The requirement that at least 50% of the variable payment should consist of payment in units in the UCITS and that at least 40% (and in some cases 60%) be deferred, remains from the text proposed by the Commission.
ECON also voted in favour of a proposal that will seek to impose “high penalties” for funds that charge performance fees and fail to outperform their benchmark. Further details on this proposal are not available.
The ECON vote is but one part of the road to approval of an EU Directive. The vote at 22 in favour and 16 against was surprisingly close and the matter will now go forward to the full Parliament for consideration in May. We would expect that intense lobbying on this issue will take place between now and May, particularly from the jurisdictions that have large asset management industries such as Ireland, the UK and Luxembourg.
It is likely that these issues will lead to delayed implementation of the Directive beyond the forecast timeline of the late 2014/early 2015.
Implications for US Managers
Asset managers on both sides of the Atlantic have voiced major concerns over these proposals pointing to the fact that they will lead to increased fixed costs and to managers outside the EU shunning Europe and thereby reducing investor choice and competition.
The proposals will only apply to EU managers and it may be that the proposals will be extended to apply to delegates of EU self-managed UCITS or UCITS managers that are located outside the EU as is currently being proposed under the AIFMD.
If this was to occur, the questions that we have asked with regard to implementation of this approach under AIFMD stand to be repeated.
Will the FSA or other competent authorities implement any such guideline? If so, what regulatory remuneration requirements will be considered “equally as effective”? Will only remuneration derived from the delegated activities count for these purposes? If so, how should the entity to which activities are delegated approach the task of apportioning total remuneration between delegated activities and other activities?
For US managers, remuneration requirements may be coming down the track pursuant to Section 956 of the Dodd-Frank Act. See our DechertOnPoint, "Incentive Compensation Under the Regulatory Spotlight" (PDF).
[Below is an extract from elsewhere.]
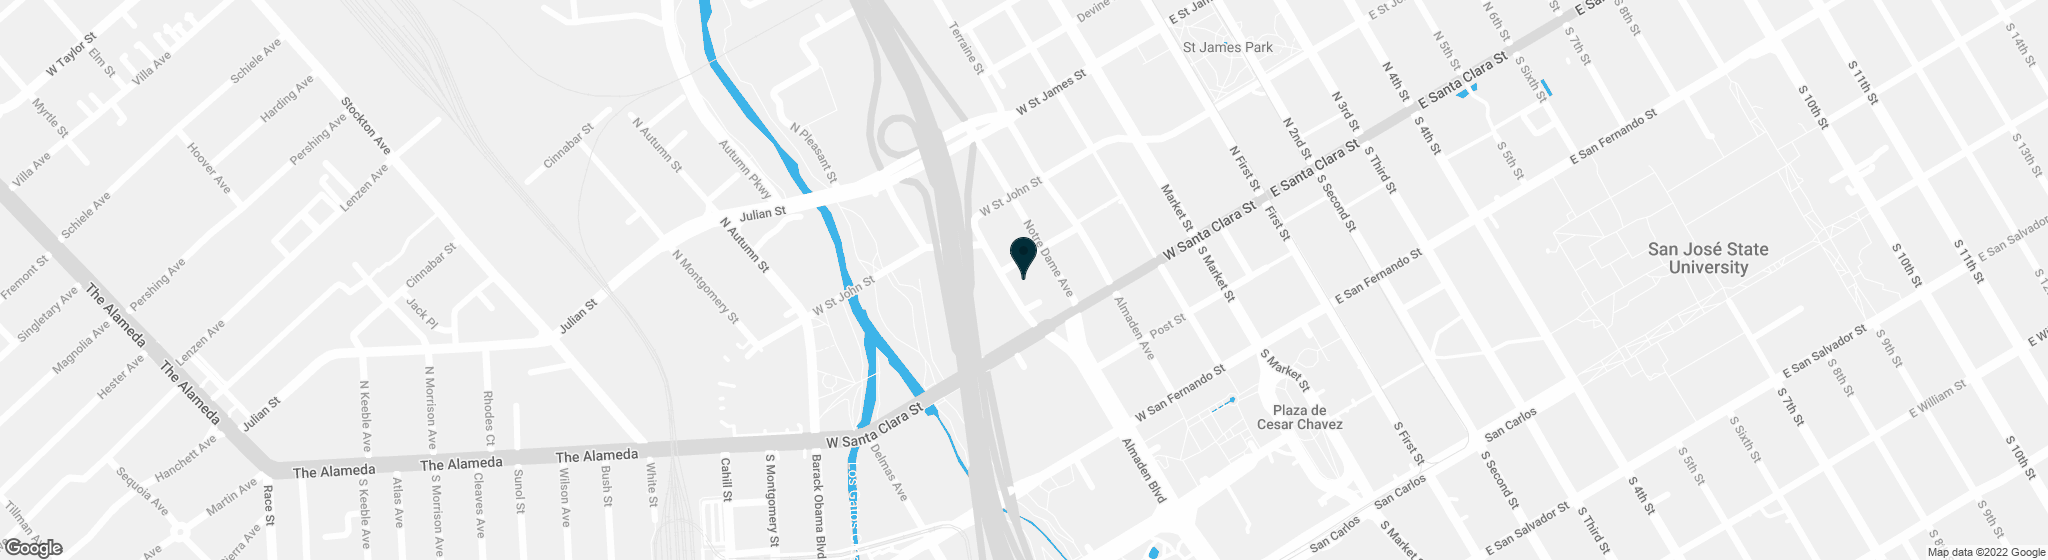 38 Almaden #1800 San Jose CA 95110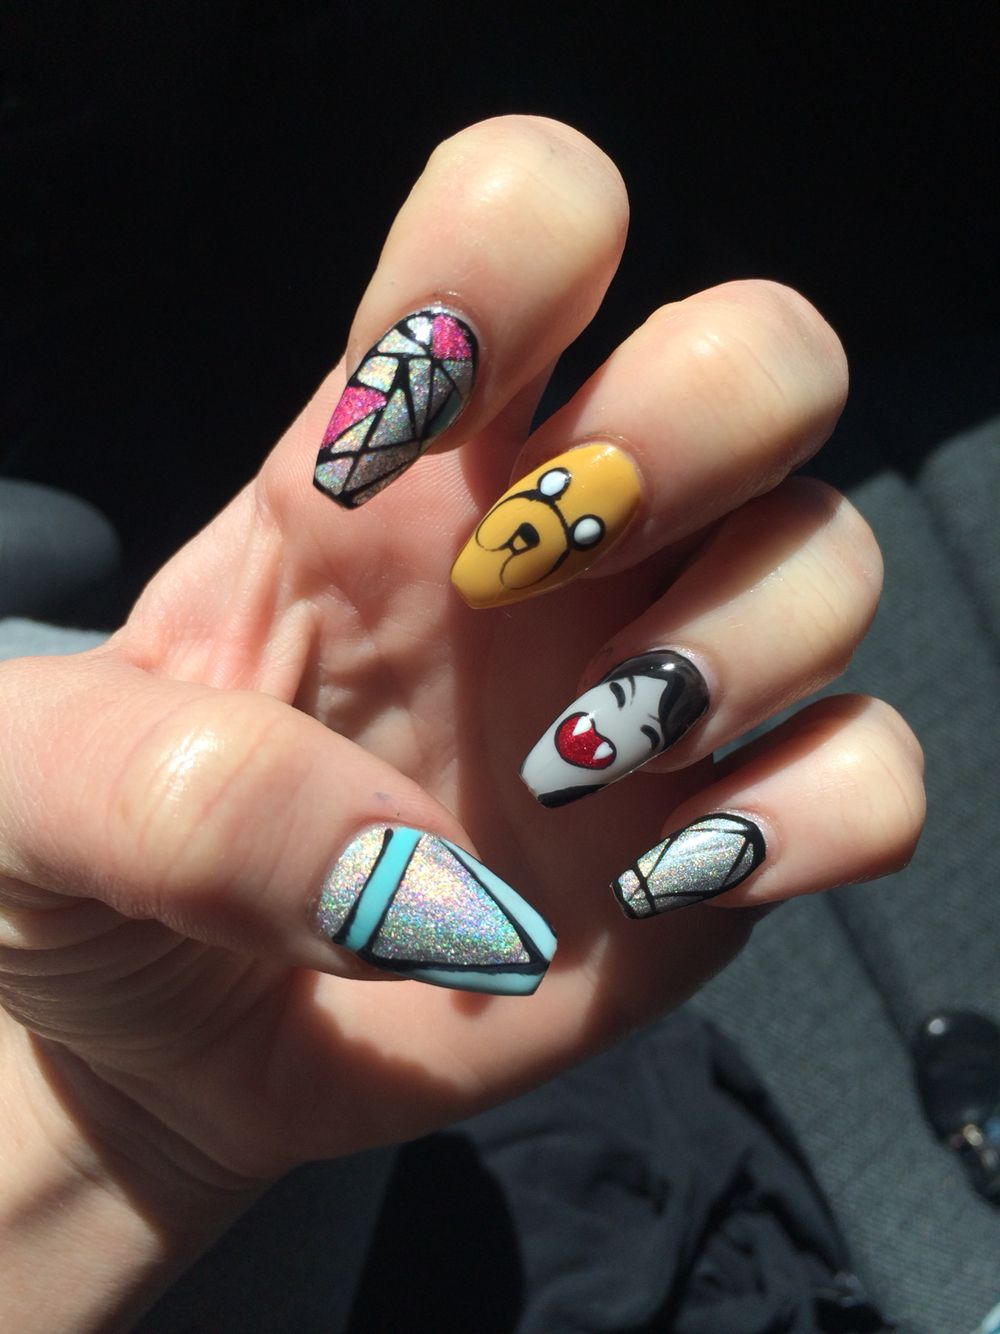 Adventure Time Nails Hellokaylaranaenails Hkrn Nailenthusiast Genuineswarovski Lasvegasnails Lvnails Dopenail Adventure Time Nails Las Vegas Nails Nails

It remains to be seen if rules of remuneration will actually be implemented in the US and, if so, whether they will meet the “equally as effective” test.
In addition, the requirement that variable remuneration should consist of units in the UCITS may be neither feasible or practicable owing to restriction on ownership of UCITS by US persons.
It is hard to give a definitive view on whether the Giegold proposals will survive the lengthy legislative process that European legislation is required to undergo. Mr Giegold states that “it has never happened that a key vote in ECON was changed in plenary session” and it remains likely that the proposals will survive the parliamentary process.
If this occurs, we then have a situation where the original Commission proposal has been amended by Parliament and this will lead to a conciliation “trialogue” process between the three EU institutions – the Commission, Parliament and Council of Ministers.
It is here that member states such as the UK, Germany, Ireland and Luxembourg will be expected to play a key role in challenging the Giegold proposals.